Он же стал жадно пить, а напившись, подумал, что если звонить, то, конечно же, Нине. Но сначала поставил кувшин в холодильник, сгрыз два кубика льда и заел их куском ветчины.
После смерти отца он читал его письма, в том числе из больницы, из умирания — к маме. В этом жестком и желчном, маниакально дисциплинированном человеке, однажды отправившем маму из первомайской колонны домой только за то, что у нее в чулке спустилась петля, отказавшемся от отдельной квартиры, потому что ему предложили ее через головы прочих очередников как начальнику цеха, в человеке, державшем в узде всю округу: продавцы при его появлении стрелки весов возвращали с пятидесяти граммов на ноль, а дворники во избежание новых доносов и в оттепели мостили жужелицей его дорогу от подъезда до трамвая, — оказалось, что в нем умещались не только упрямство, язвительность, прямолинейность. («Горько сожалею, что не позволил родить тебе дочь и теперь оставляю тебя не на ее попечение, о московской родне умолчим, да и увы, моя девочка, оставляю, оставляю тебя, и не скорый финал без победных фанфар, а твое подступающее одиночество рвет мне сердце. Знаю, зозуленька, ты простишь мне и это… что усугубляет вину и душевную боль».) Кроме прочих уроков, кроме обиды и горечи («о московской родне умолчим»!), Игорь вынес из этого чтения убеждение в том, что над образом все-таки надо работать, что загробная жизнь созидается здесь и сейчас, в почеркушках, которых когда-то стыдился, которых не надо стыдиться, без которых он так и останется в Киркиной памяти в лучшем случае сухарем, эгоцентриком, убегавшим при первой возможности ненадолго, надолго и наконец насовсем — от него и от мамы, всю глупость и вздорность которой Кирилл до сих пор ощущал еще очень по-детски — как родную стихию привольной бездумности и возвышенно-будоражащих чувств. Но «создание образа» невозможно в коротких, случайных записках! Для того есть специально придуманный жанр — мемуары. Вот что лучше всего — сымитировать дневниковую запись! Или словно бы восстановить ту тетрадку, в которой он в самом ведь деле описывал проведенные акции. Детский почерк заменит десятая копия на машинке…

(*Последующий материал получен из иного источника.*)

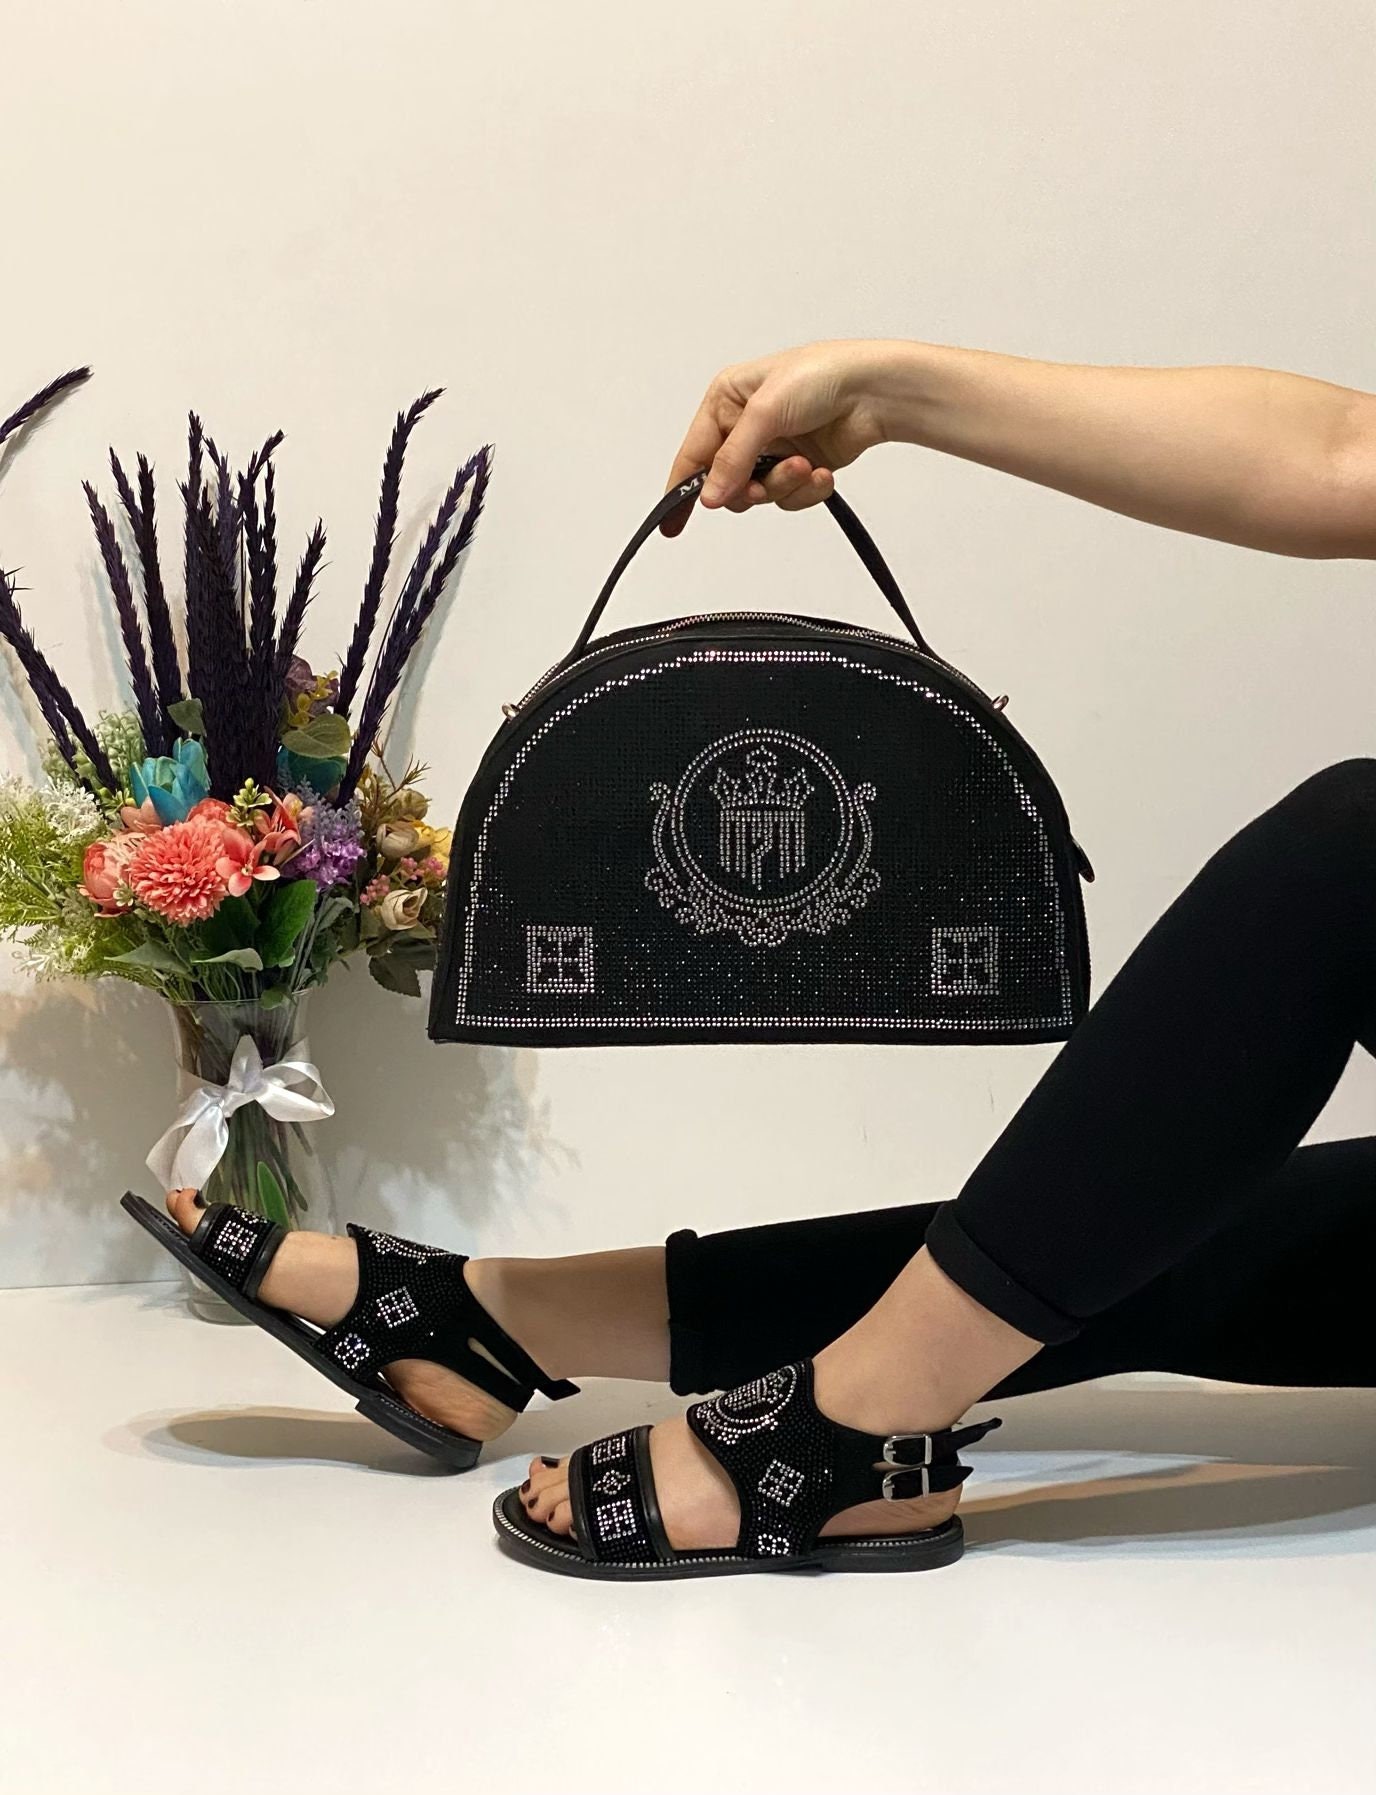 Miss Melisa Shoe and Bag Turkey 2022 Model Slippers Set Tr145 - 130.00  Dolar + KDV
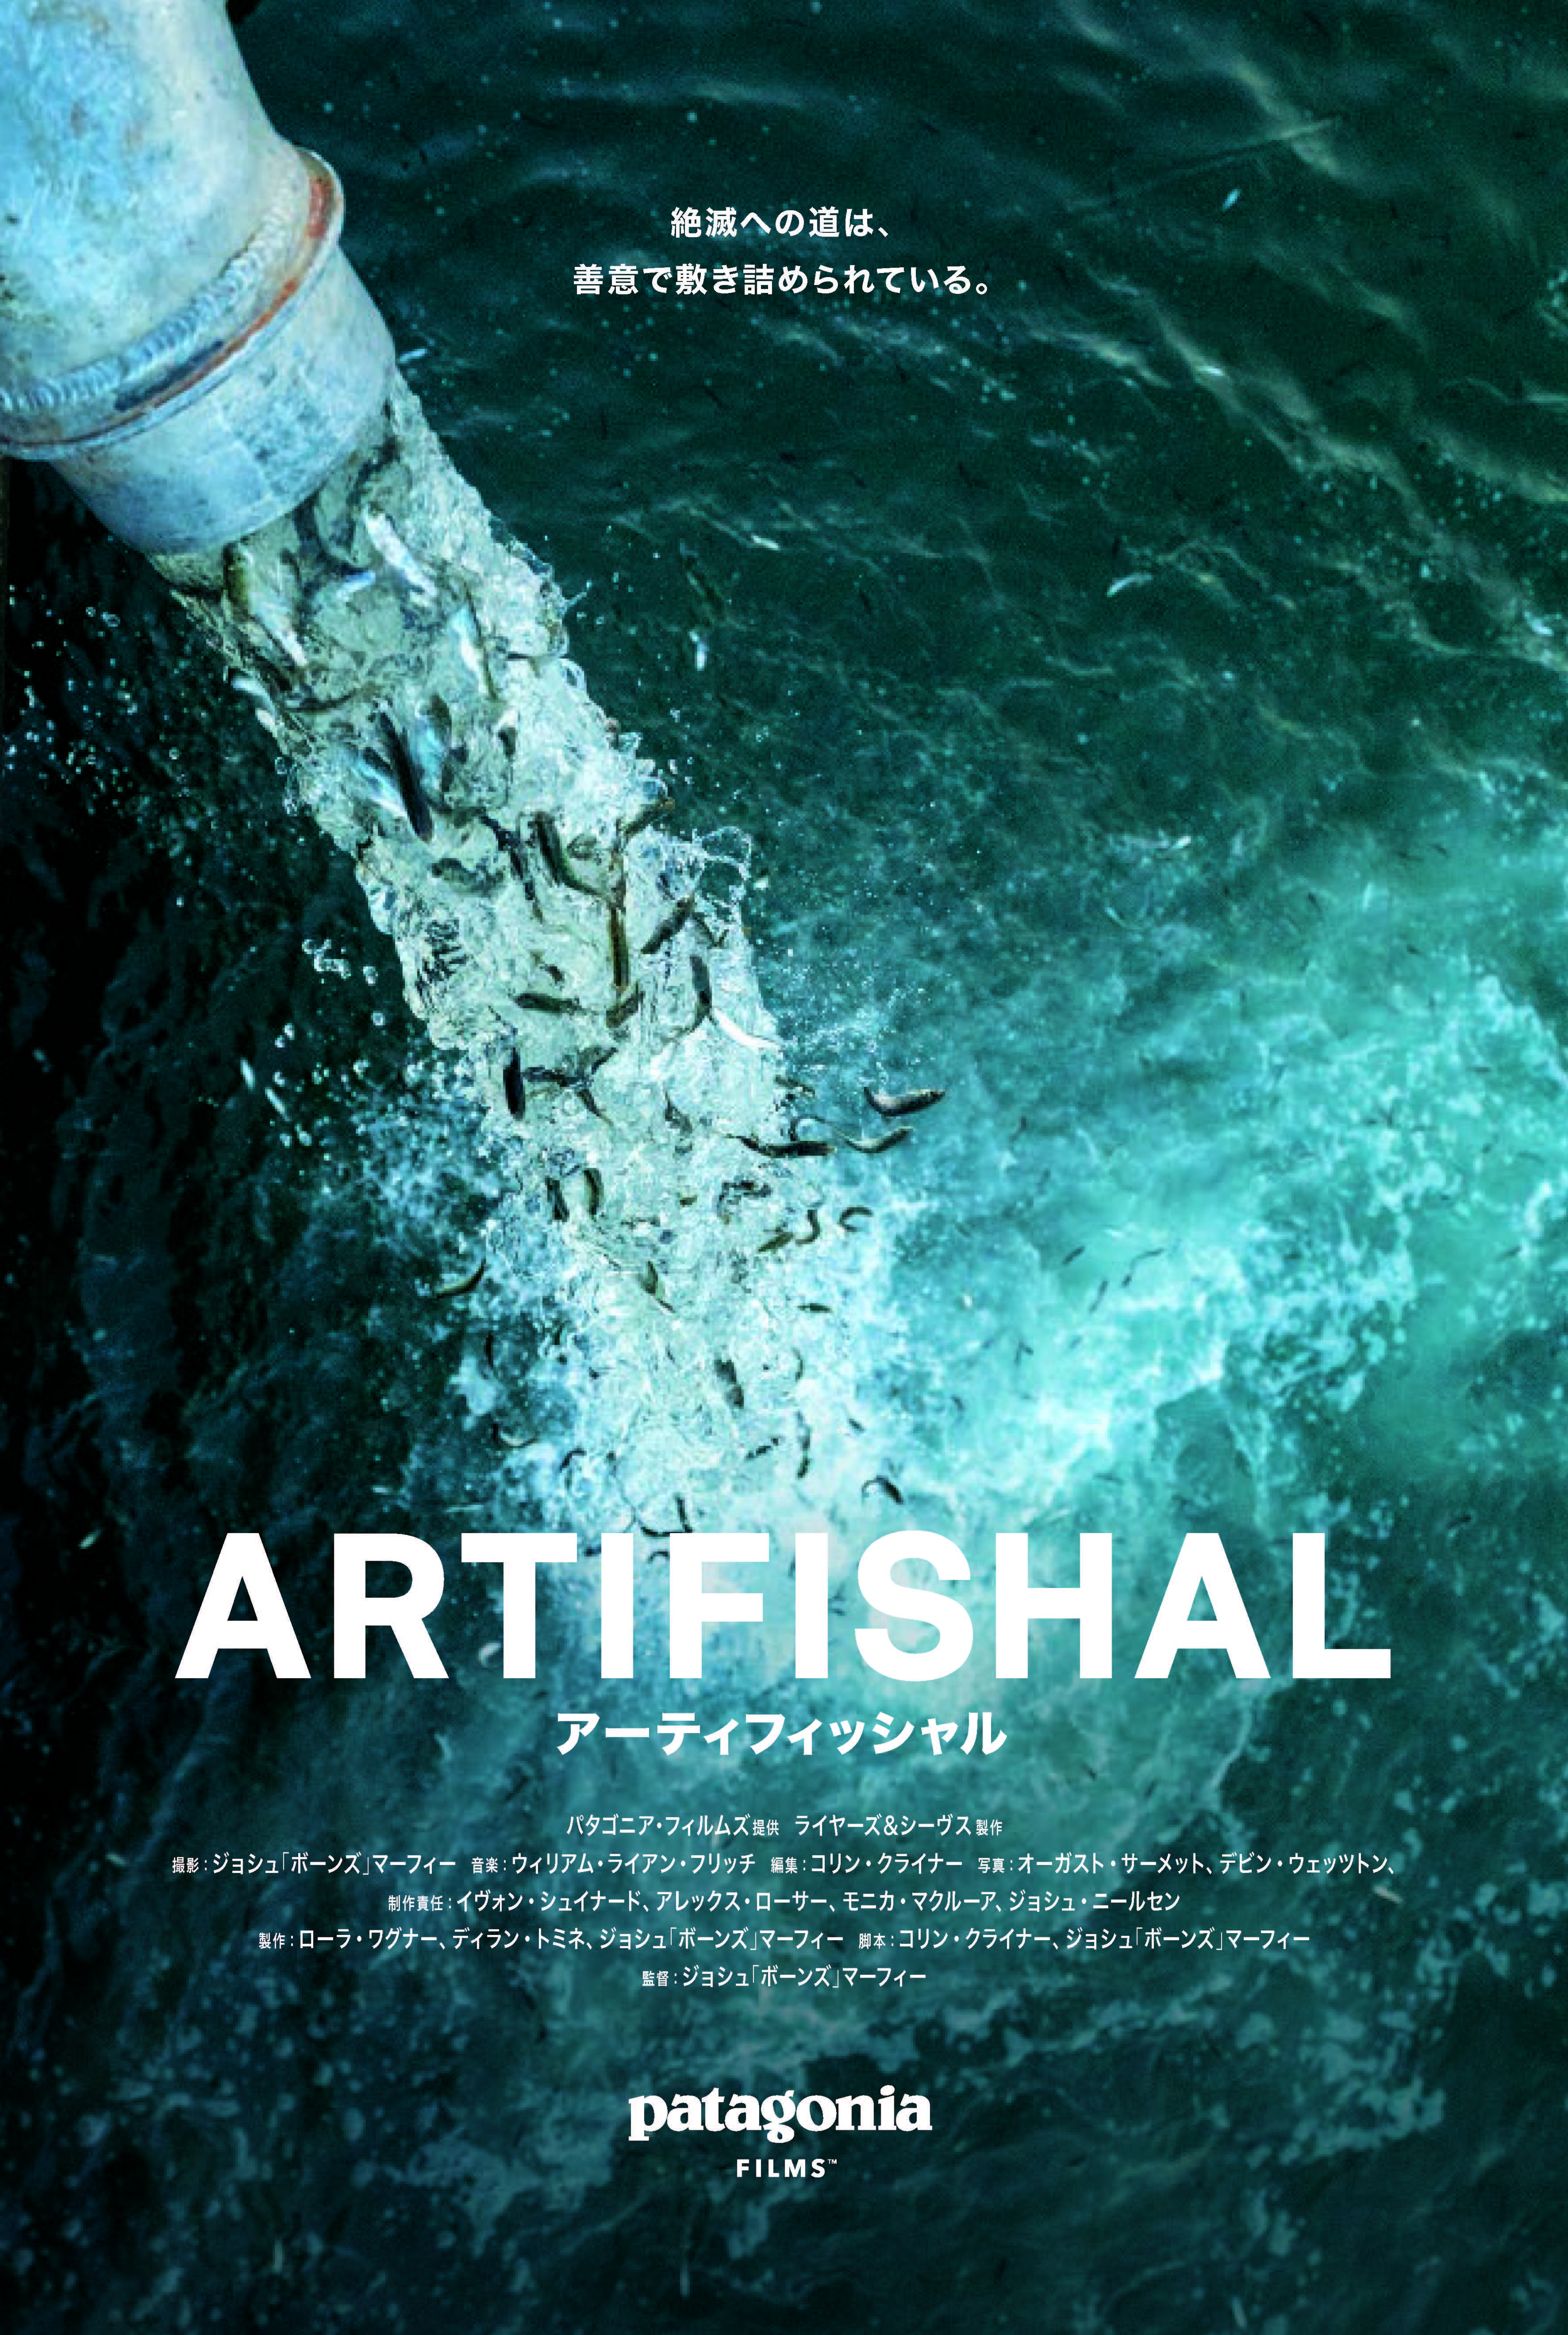 ドキュメンタリー映画 Artifishal アーティフィッシャル 9月8日 日 公開 パタゴニア日本支社のプレスリリース

Понедельник, второе марта. Акция №1. Собрались возле памятника Шевченко в девять вечера. Подходившие шепотом говорили: «Лютые любят!», а пришедшие чуть пораньше ударяли их кулаки кулаками: «Это лютых не любят!» Опоздал только Средний, но по причине почти уважительной — домработница заперла вход на черную лестницу, где хранятся их старые вещи. То, что форма одежды должна быть неброской, договорились заранее. Всех превзошла Н. (в дальнейшем Большой). Одолжив у Малого его старую куртку и, наверное, на помойке добыв драную кепку, Большой смотрелась настоящей подзаборной шпаной! Только было неясно, куда она спрятала волосы. Забегая вперед: оказалось, она их специально постригла. Прошвырнувшись по парку Шевченко и убедившись, что одинокого человека здесь можно встретить лишь в пьяном виде, вышли на площадь Дзержинского, по брусчатке которой мимо серой громады Госпрома возвращались на Павлово поле всевозможные люди. Остановились неподалеку от ступеней, ведущих к высокому постаменту, на котором шагал, стиснув кепку в руке, Ленин. У Мизинчика оказалось в карманах немного семечек, и стали, лузгая их, незаметно в потемках присматривать себе добренького .
Это слово тогда же и родилось. Нина спорила: «Это не выражает сути! Неужели неясно? Да хоть семечком, например, вот как надо его назвать. Ведь чего мы хотим? Мы хотим от него, чтоб он умер от страха и родился, как семечко, наново и в темноте. И чтоб к солнцу тянулся! Или Сенечкой для конспирации!» — «Продолжаю настаивать! — Влад зачем-то наклеил усы и теперь их картинно поглаживал. — Он есть наш антипод. Раз мы лютые, значит, он добренький. Если нет других предложений, предлагаю голосовать». Оба Пашки взяли сторону Влада, так что Нине осталось лишь тихо сказать: «Подчиняюсь решению большинства». И — откуда-то вырос человек в темно-сером пальто — из-за спин, потому что их спины инстинктивно раздвинулись, — острым носом вынюхивая перегар, а настырными, блеклыми глазками обводя и присваивая их приметы: «Огонька не найдется?» Что успел он расслышать, охраняя свой долбаный постамент, что решил, подсмотрев, как они голосуют? Влад фальшиво раскашлялся: «К сожалению, не курю!» — и поспешно приклеился пальцами к ненадежным усам. Игорь вытащил зажигалку, понимая, что делает что-то не то, ведь Малой и Большой тоже разом промямлили: «Аналогично. Не курим!» — и попятились. Поднеся зажигалку к подставленной вместе с лицом сигарете, Игорь выхватил из темноты лишь его и себя — засветился ! — обрезался белым мерцанием тесно посаженных глаз…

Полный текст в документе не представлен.